* **Work to be completed**: What is needed here is an exact repetition of the records below, beginning at the line that has "2019 Lamborghini Urus" and stopping after the line that has "Consigli utili per".

* **Material for the task**:
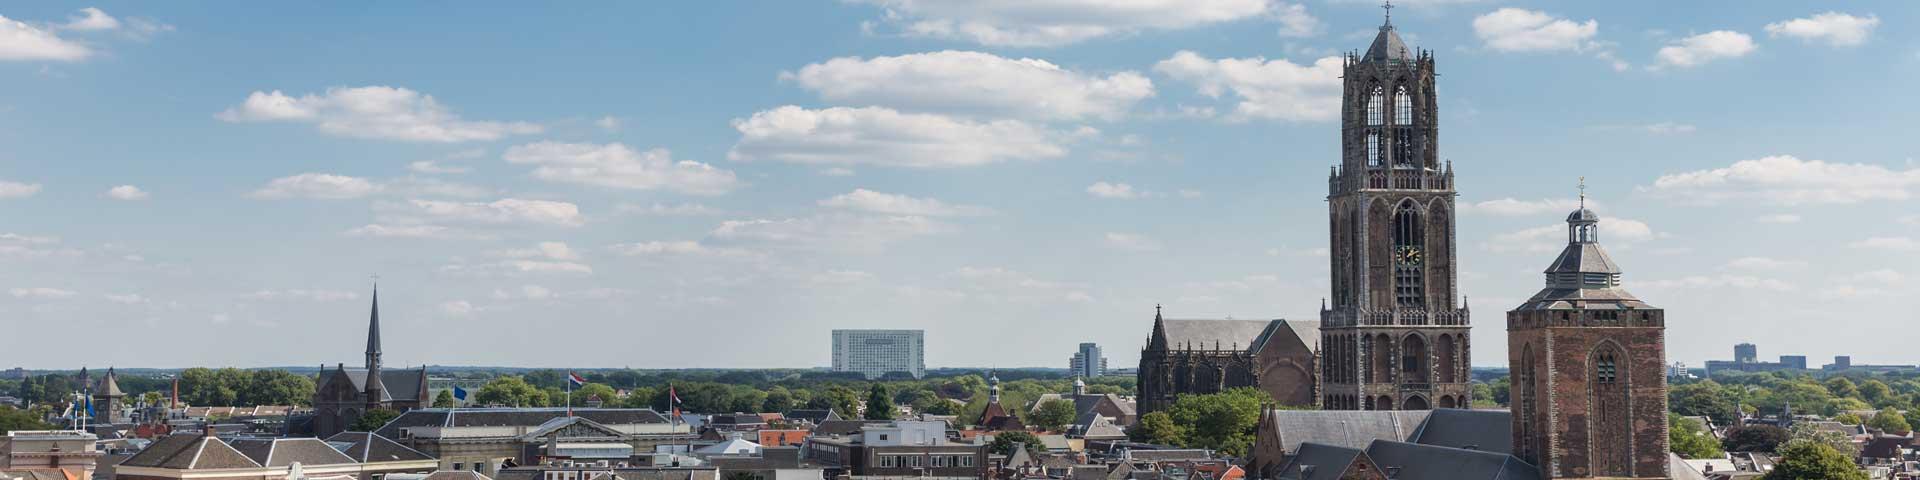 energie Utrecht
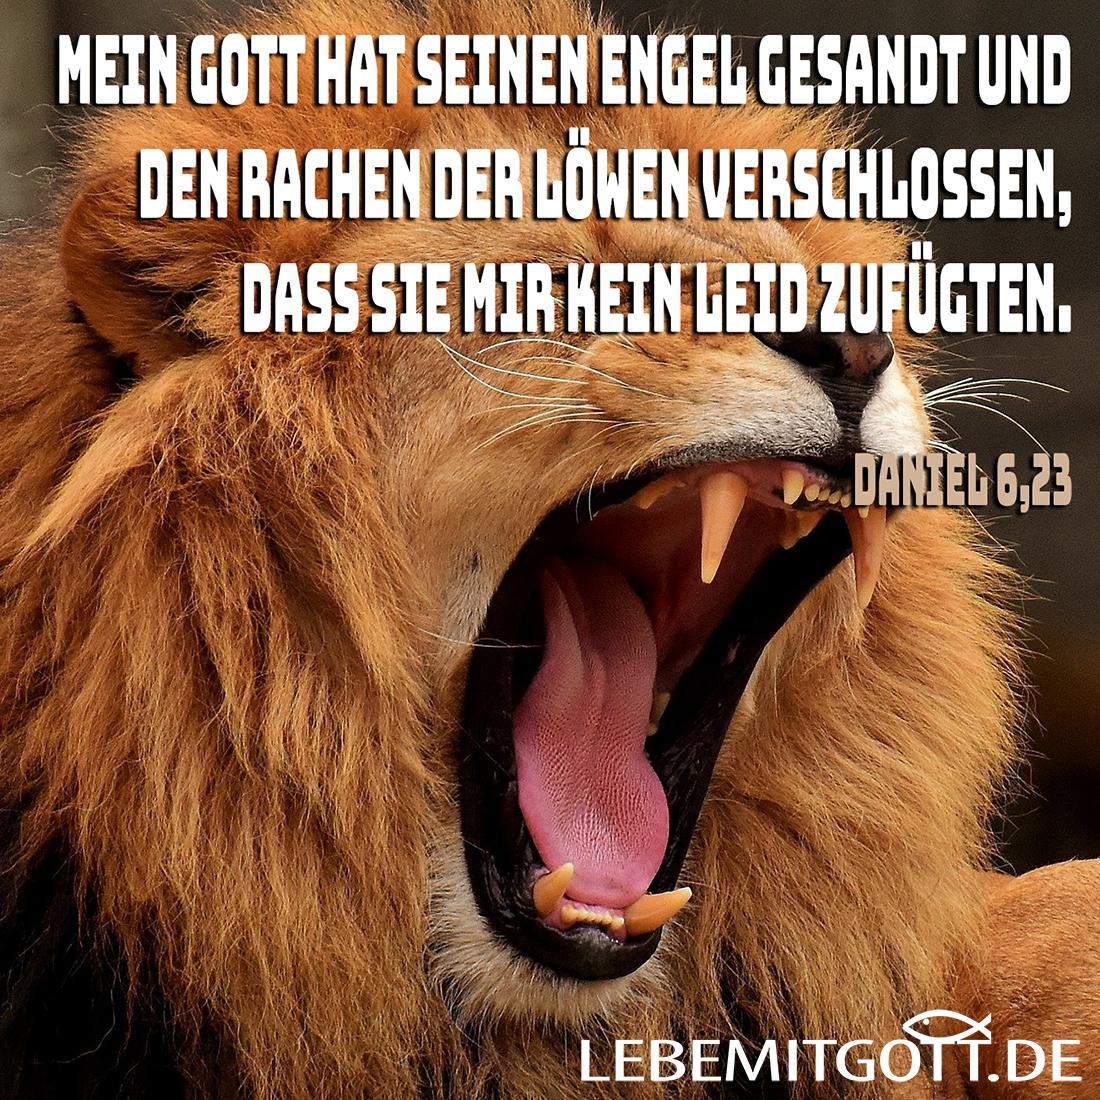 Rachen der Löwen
---
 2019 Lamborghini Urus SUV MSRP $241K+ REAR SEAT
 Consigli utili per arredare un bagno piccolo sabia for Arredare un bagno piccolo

* **Problem solution**:
 2019 Lamborghini Urus SUV MSRP $241K+ REAR SEAT
 Consigli utili per arredare un bagno piccolo sabia for Arredare un bagno piccolo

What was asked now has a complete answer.